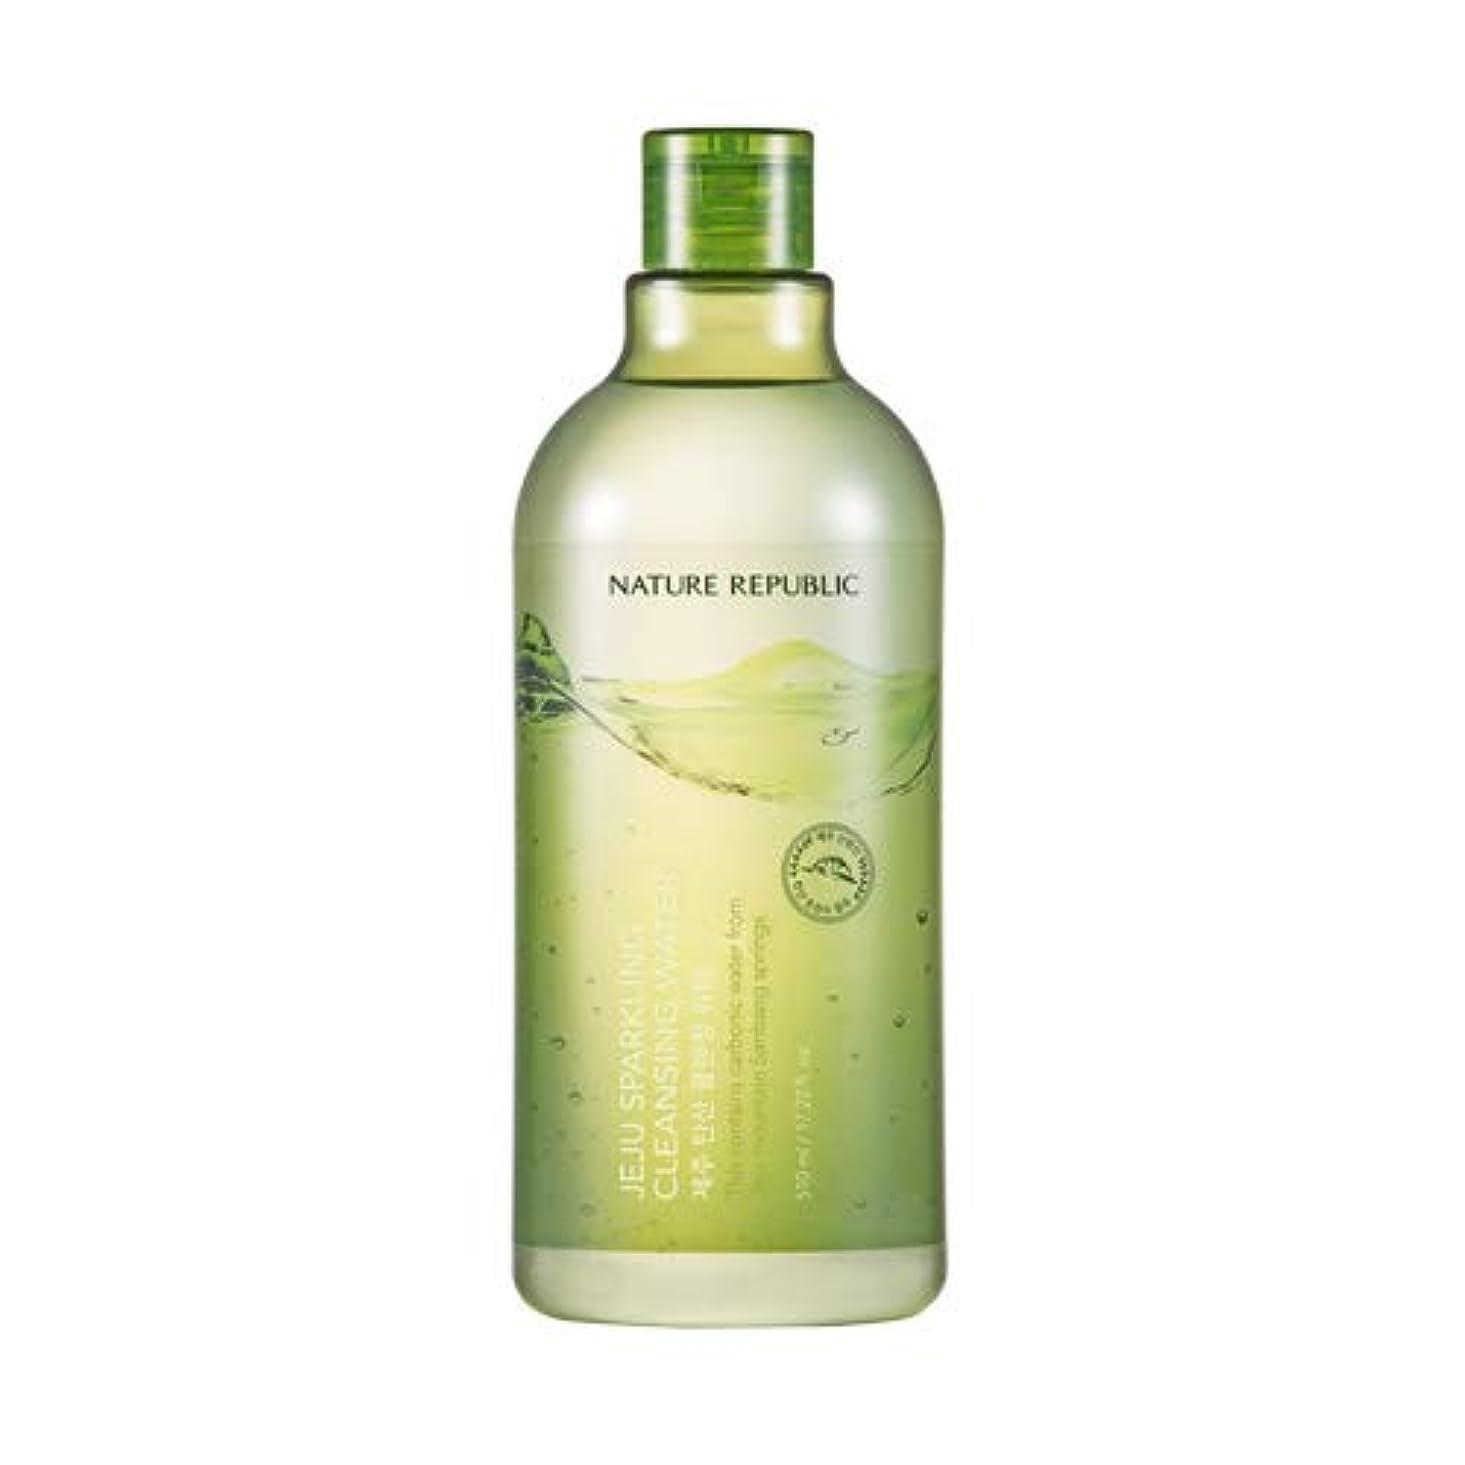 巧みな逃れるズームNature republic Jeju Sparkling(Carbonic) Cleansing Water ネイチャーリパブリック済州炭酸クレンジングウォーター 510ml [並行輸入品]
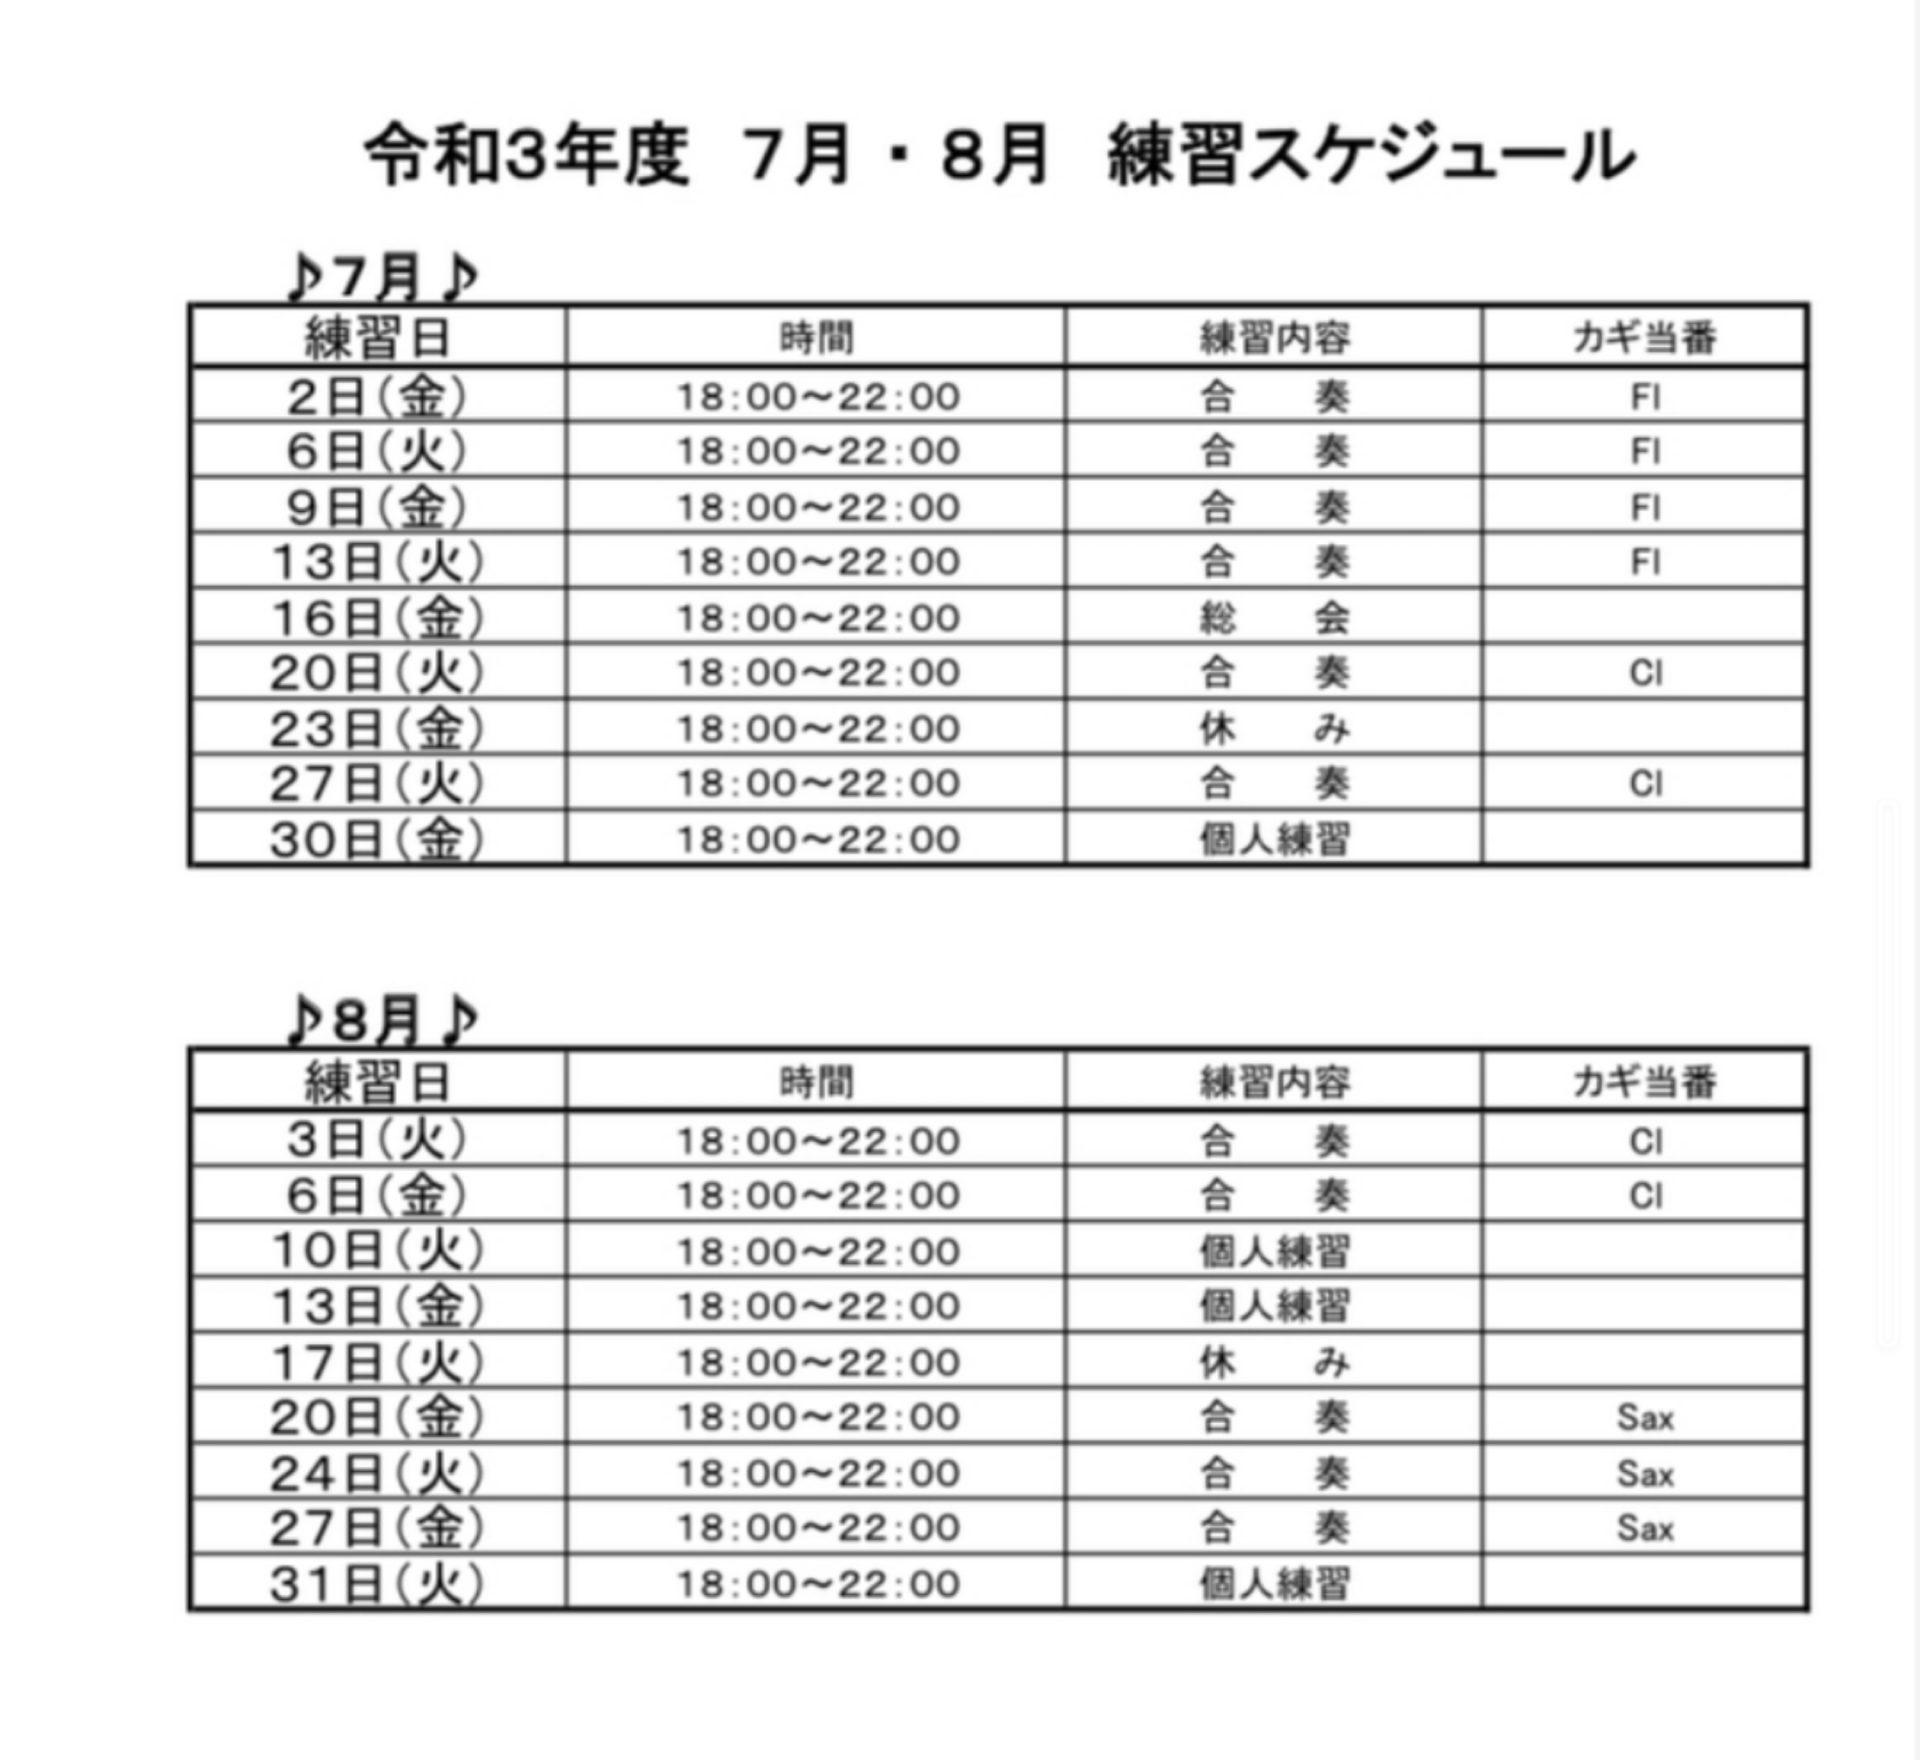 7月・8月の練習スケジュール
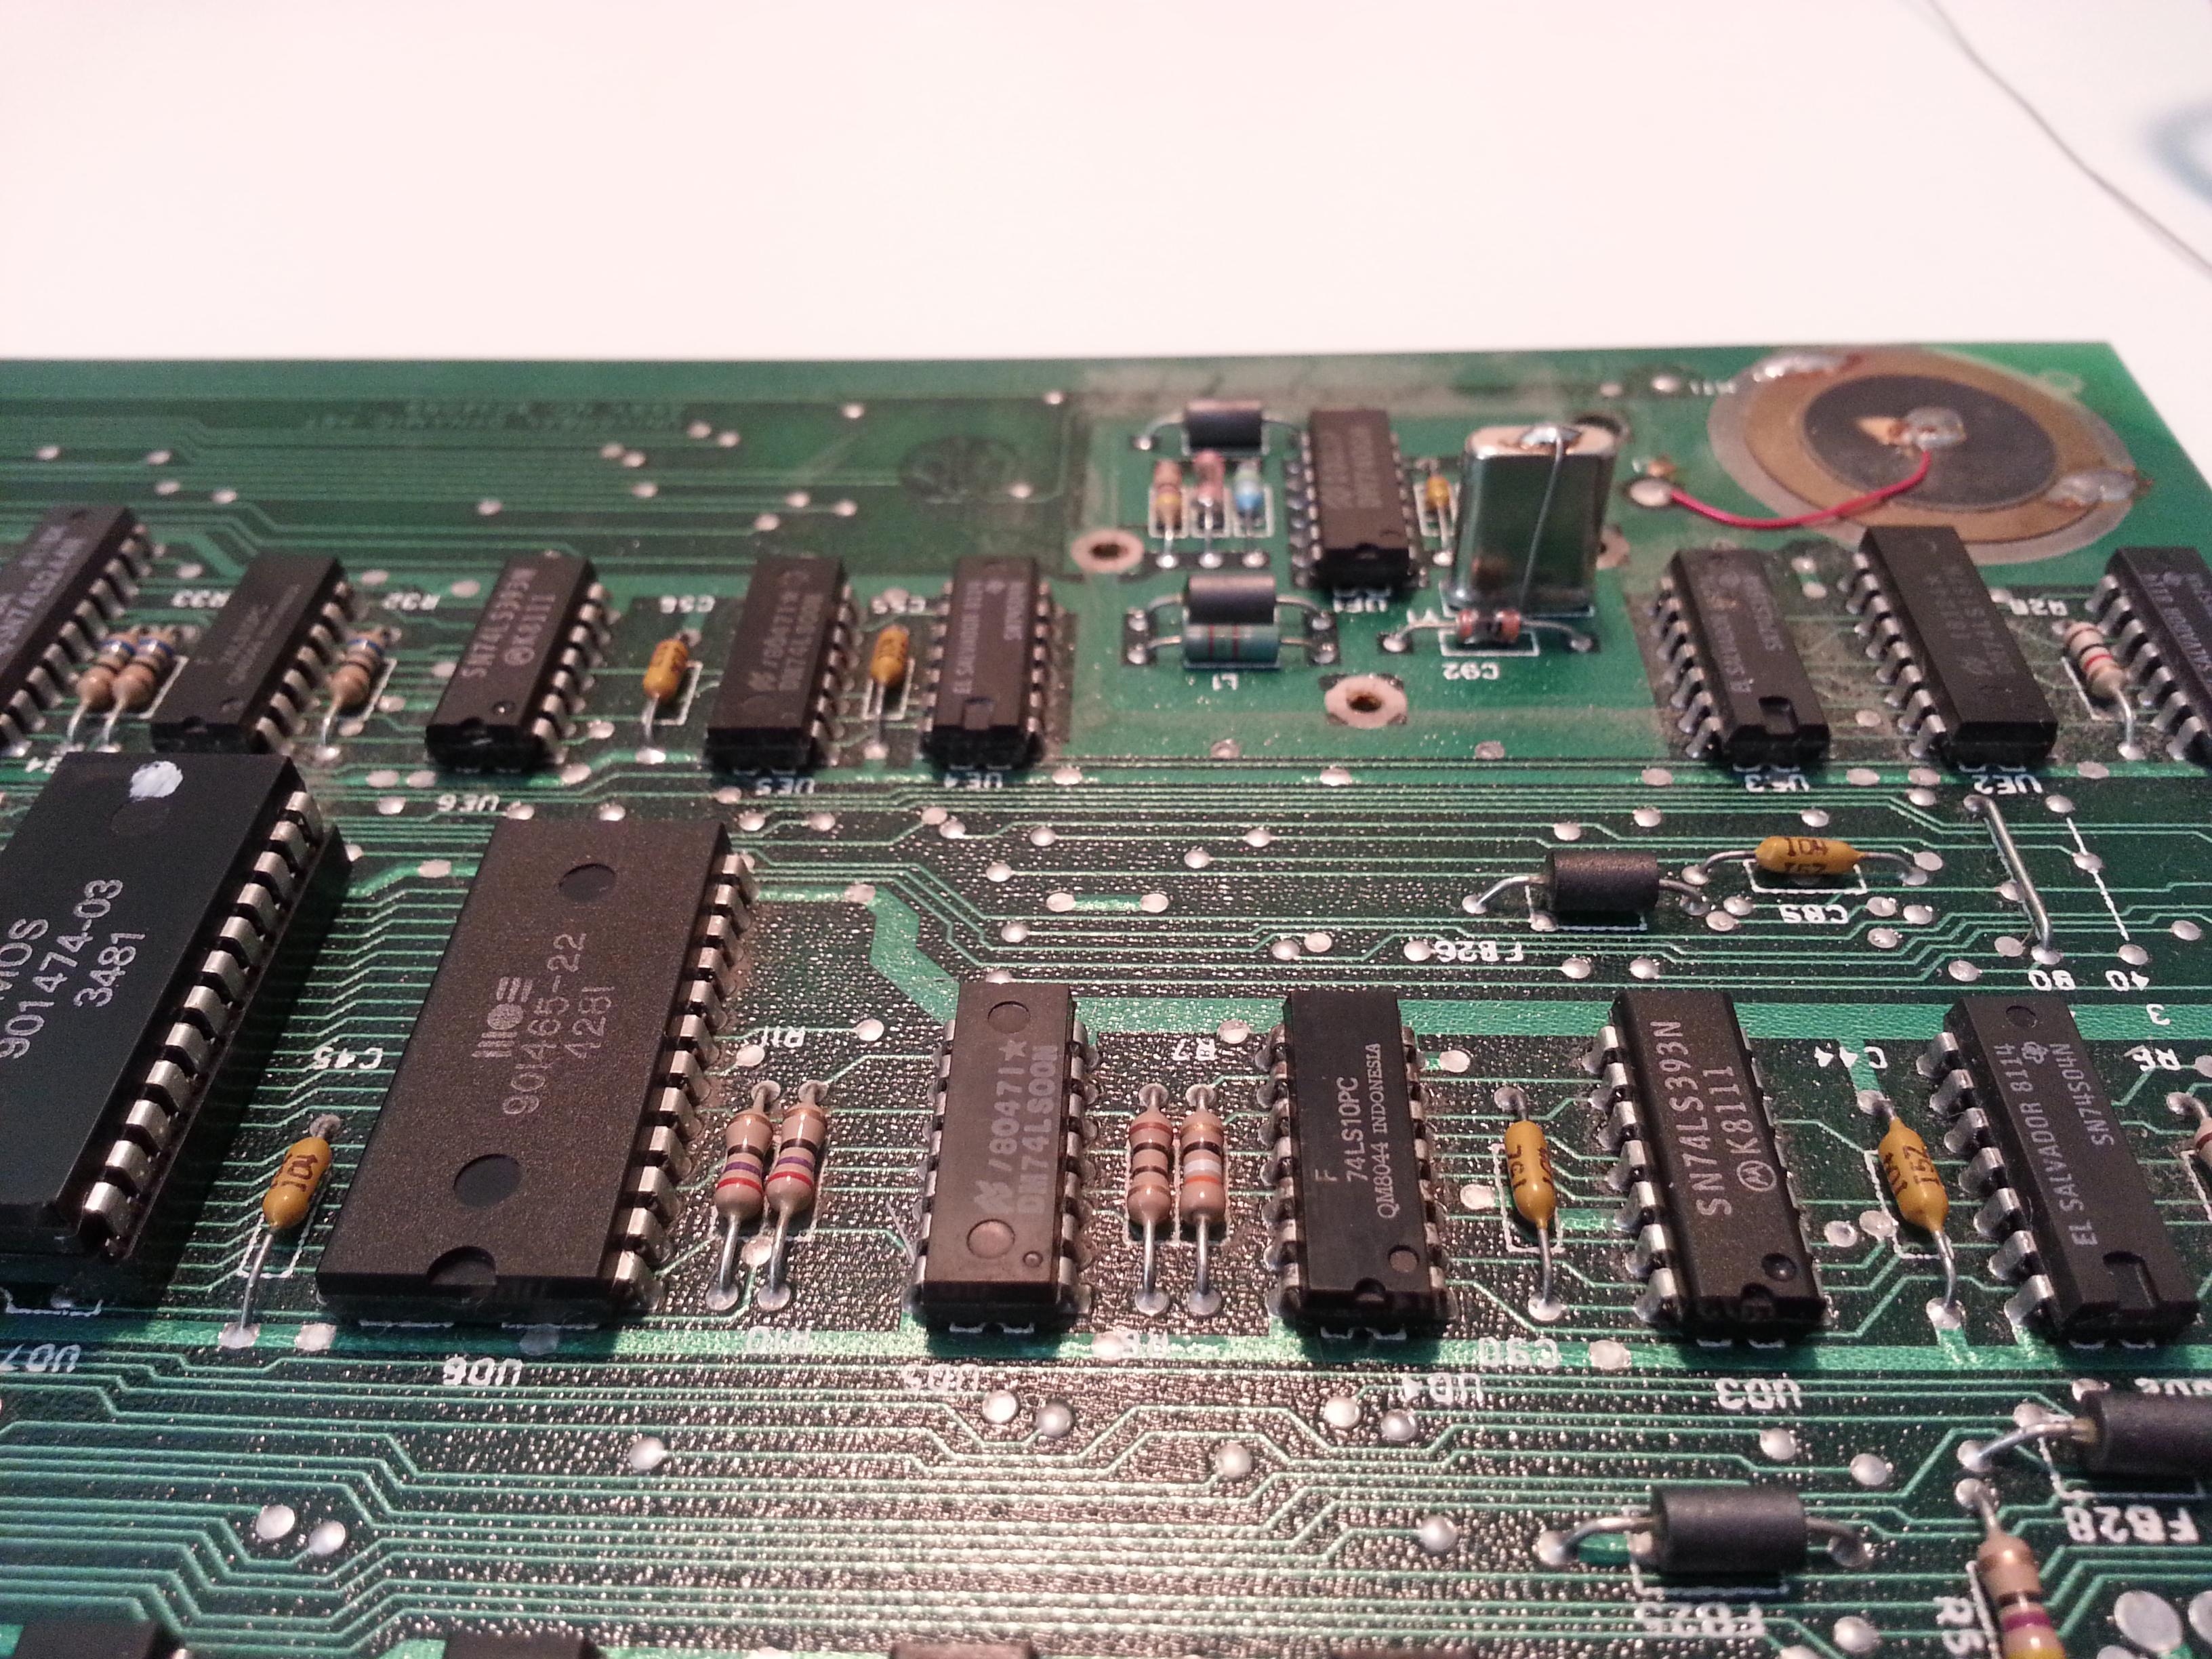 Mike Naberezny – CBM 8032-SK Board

- About this task
Exactly the lines from the line with "7月・8月の練習スケジュール" through the end of the data are to be reproduced, and no picture is to be included.

- Answer section
 7月・8月の練習スケジュール
 Mike Naberezny – CBM 8032-SK Board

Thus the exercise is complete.